= Task to complete =
Exact repetition is required: reproduce every line of the data.

===

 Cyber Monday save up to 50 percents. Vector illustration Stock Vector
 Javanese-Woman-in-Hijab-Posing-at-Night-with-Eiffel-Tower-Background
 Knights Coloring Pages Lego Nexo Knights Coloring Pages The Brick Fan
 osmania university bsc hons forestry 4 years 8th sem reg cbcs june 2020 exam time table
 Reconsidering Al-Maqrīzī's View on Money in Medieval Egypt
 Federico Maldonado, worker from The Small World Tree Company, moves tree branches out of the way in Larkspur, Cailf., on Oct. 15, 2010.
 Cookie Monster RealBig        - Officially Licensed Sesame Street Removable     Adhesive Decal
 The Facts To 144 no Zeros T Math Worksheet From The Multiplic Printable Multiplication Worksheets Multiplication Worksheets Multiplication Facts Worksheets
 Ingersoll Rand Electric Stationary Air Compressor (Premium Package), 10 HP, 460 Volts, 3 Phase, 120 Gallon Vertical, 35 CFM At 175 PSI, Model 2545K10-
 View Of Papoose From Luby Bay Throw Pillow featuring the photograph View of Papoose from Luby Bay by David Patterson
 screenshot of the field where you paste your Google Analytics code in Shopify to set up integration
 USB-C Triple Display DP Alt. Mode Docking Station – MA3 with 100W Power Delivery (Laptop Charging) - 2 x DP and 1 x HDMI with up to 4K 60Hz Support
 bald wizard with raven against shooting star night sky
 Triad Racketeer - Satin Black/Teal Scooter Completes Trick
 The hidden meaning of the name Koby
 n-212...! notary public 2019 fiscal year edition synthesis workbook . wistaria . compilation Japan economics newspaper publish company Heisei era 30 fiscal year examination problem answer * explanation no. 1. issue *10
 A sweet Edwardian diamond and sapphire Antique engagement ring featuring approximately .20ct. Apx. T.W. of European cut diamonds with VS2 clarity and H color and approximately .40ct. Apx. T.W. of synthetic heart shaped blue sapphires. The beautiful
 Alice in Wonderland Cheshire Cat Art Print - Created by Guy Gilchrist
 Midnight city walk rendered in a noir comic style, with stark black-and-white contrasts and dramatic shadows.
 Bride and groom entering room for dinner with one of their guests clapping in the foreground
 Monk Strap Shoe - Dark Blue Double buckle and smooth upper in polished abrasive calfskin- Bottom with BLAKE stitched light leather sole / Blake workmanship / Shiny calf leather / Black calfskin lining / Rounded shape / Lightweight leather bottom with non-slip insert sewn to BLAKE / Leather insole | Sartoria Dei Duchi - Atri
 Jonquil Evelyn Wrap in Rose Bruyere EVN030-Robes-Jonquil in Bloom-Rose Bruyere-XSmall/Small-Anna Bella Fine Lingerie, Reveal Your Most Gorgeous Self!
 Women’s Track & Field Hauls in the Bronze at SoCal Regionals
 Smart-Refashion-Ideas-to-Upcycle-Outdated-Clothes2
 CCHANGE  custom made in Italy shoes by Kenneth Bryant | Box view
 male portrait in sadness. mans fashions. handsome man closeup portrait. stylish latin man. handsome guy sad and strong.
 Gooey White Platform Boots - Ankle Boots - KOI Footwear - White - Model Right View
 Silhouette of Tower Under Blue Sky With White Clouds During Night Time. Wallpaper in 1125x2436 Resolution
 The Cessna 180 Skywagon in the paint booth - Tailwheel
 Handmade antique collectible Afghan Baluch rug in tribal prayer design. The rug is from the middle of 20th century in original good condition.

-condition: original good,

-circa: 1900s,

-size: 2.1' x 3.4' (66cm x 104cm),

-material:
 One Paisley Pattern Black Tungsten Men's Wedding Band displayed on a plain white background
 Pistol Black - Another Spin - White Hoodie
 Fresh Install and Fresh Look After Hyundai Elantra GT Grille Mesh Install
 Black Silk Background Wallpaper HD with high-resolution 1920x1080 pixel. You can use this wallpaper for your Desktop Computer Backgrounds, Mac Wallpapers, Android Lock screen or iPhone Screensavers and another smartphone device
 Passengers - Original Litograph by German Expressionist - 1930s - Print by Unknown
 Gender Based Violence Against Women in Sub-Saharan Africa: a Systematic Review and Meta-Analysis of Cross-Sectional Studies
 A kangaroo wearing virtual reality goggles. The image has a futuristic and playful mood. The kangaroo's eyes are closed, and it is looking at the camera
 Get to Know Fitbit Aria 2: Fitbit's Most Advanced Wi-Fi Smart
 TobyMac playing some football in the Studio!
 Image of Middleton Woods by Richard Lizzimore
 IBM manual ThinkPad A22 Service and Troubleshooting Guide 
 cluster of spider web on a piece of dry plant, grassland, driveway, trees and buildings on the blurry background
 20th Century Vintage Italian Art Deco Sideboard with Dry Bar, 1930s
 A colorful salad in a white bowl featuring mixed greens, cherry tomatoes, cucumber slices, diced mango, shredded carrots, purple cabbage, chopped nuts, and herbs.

===

= Reply =
 Cyber Monday save up to 50 percents. Vector illustration Stock Vector
 Javanese-Woman-in-Hijab-Posing-at-Night-with-Eiffel-Tower-Background
 Knights Coloring Pages Lego Nexo Knights Coloring Pages The Brick Fan
 osmania university bsc hons forestry 4 years 8th sem reg cbcs june 2020 exam time table
 Reconsidering Al-Maqrīzī's View on Money in Medieval Egypt
 Federico Maldonado, worker from The Small World Tree Company, moves tree branches out of the way in Larkspur, Cailf., on Oct. 15, 2010.
 Cookie Monster RealBig        - Officially Licensed Sesame Street Removable     Adhesive Decal
 The Facts To 144 no Zeros T Math Worksheet From The Multiplic Printable Multiplication Worksheets Multiplication Worksheets Multiplication Facts Worksheets
 Ingersoll Rand Electric Stationary Air Compressor (Premium Package), 10 HP, 460 Volts, 3 Phase, 120 Gallon Vertical, 35 CFM At 175 PSI, Model 2545K10-
 View Of Papoose From Luby Bay Throw Pillow featuring the photograph View of Papoose from Luby Bay by David Patterson
 screenshot of the field where you paste your Google Analytics code in Shopify to set up integration
 USB-C Triple Display DP Alt. Mode Docking Station – MA3 with 100W Power Delivery (Laptop Charging) - 2 x DP and 1 x HDMI with up to 4K 60Hz Support
 bald wizard with raven against shooting star night sky
 Triad Racketeer - Satin Black/Teal Scooter Completes Trick
 The hidden meaning of the name Koby
 n-212...! notary public 2019 fiscal year edition synthesis workbook . wistaria . compilation Japan economics newspaper publish company Heisei era 30 fiscal year examination problem answer * explanation no. 1. issue *10
 A sweet Edwardian diamond and sapphire Antique engagement ring featuring approximately .20ct. Apx. T.W. of European cut diamonds with VS2 clarity and H color and approximately .40ct. Apx. T.W. of synthetic heart shaped blue sapphires. The beautiful
 Alice in Wonderland Cheshire Cat Art Print - Created by Guy Gilchrist
 Midnight city walk rendered in a noir comic style, with stark black-and-white contrasts and dramatic shadows.
 Bride and groom entering room for dinner with one of their guests clapping in the foreground
 Monk Strap Shoe - Dark Blue Double buckle and smooth upper in polished abrasive calfskin- Bottom with BLAKE stitched light leather sole / Blake workmanship / Shiny calf leather / Black calfskin lining / Rounded shape / Lightweight leather bottom with non-slip insert sewn to BLAKE / Leather insole | Sartoria Dei Duchi - Atri
 Jonquil Evelyn Wrap in Rose Bruyere EVN030-Robes-Jonquil in Bloom-Rose Bruyere-XSmall/Small-Anna Bella Fine Lingerie, Reveal Your Most Gorgeous Self!
 Women’s Track & Field Hauls in the Bronze at SoCal Regionals
 Smart-Refashion-Ideas-to-Upcycle-Outdated-Clothes2
 CCHANGE  custom made in Italy shoes by Kenneth Bryant | Box view
 male portrait in sadness. mans fashions. handsome man closeup portrait. stylish latin man. handsome guy sad and strong.
 Gooey White Platform Boots - Ankle Boots - KOI Footwear - White - Model Right View
 Silhouette of Tower Under Blue Sky With White Clouds During Night Time. Wallpaper in 1125x2436 Resolution
 The Cessna 180 Skywagon in the paint booth - Tailwheel
 Handmade antique collectible Afghan Baluch rug in tribal prayer design. The rug is from the middle of 20th century in original good condition.

-condition: original good,

-circa: 1900s,

-size: 2.1' x 3.4' (66cm x 104cm),

-material:
 One Paisley Pattern Black Tungsten Men's Wedding Band displayed on a plain white background
 Pistol Black - Another Spin - White Hoodie
 Fresh Install and Fresh Look After Hyundai Elantra GT Grille Mesh Install
 Black Silk Background Wallpaper HD with high-resolution 1920x1080 pixel. You can use this wallpaper for your Desktop Computer Backgrounds, Mac Wallpapers, Android Lock screen or iPhone Screensavers and another smartphone device
 Passengers - Original Litograph by German Expressionist - 1930s - Print by Unknown
 Gender Based Violence Against Women in Sub-Saharan Africa: a Systematic Review and Meta-Analysis of Cross-Sectional Studies
 A kangaroo wearing virtual reality goggles. The image has a futuristic and playful mood. The kangaroo's eyes are closed, and it is looking at the camera
 Get to Know Fitbit Aria 2: Fitbit's Most Advanced Wi-Fi Smart
 TobyMac playing some football in the Studio!
 Image of Middleton Woods by Richard Lizzimore
 IBM manual ThinkPad A22 Service and Troubleshooting Guide 
 cluster of spider web on a piece of dry plant, grassland, driveway, trees and buildings on the blurry background
 20th Century Vintage Italian Art Deco Sideboard with Dry Bar, 1930s
 A colorful salad in a white bowl featuring mixed greens, cherry tomatoes, cucumber slices, diced mango, shredded carrots, purple cabbage, chopped nuts, and herbs.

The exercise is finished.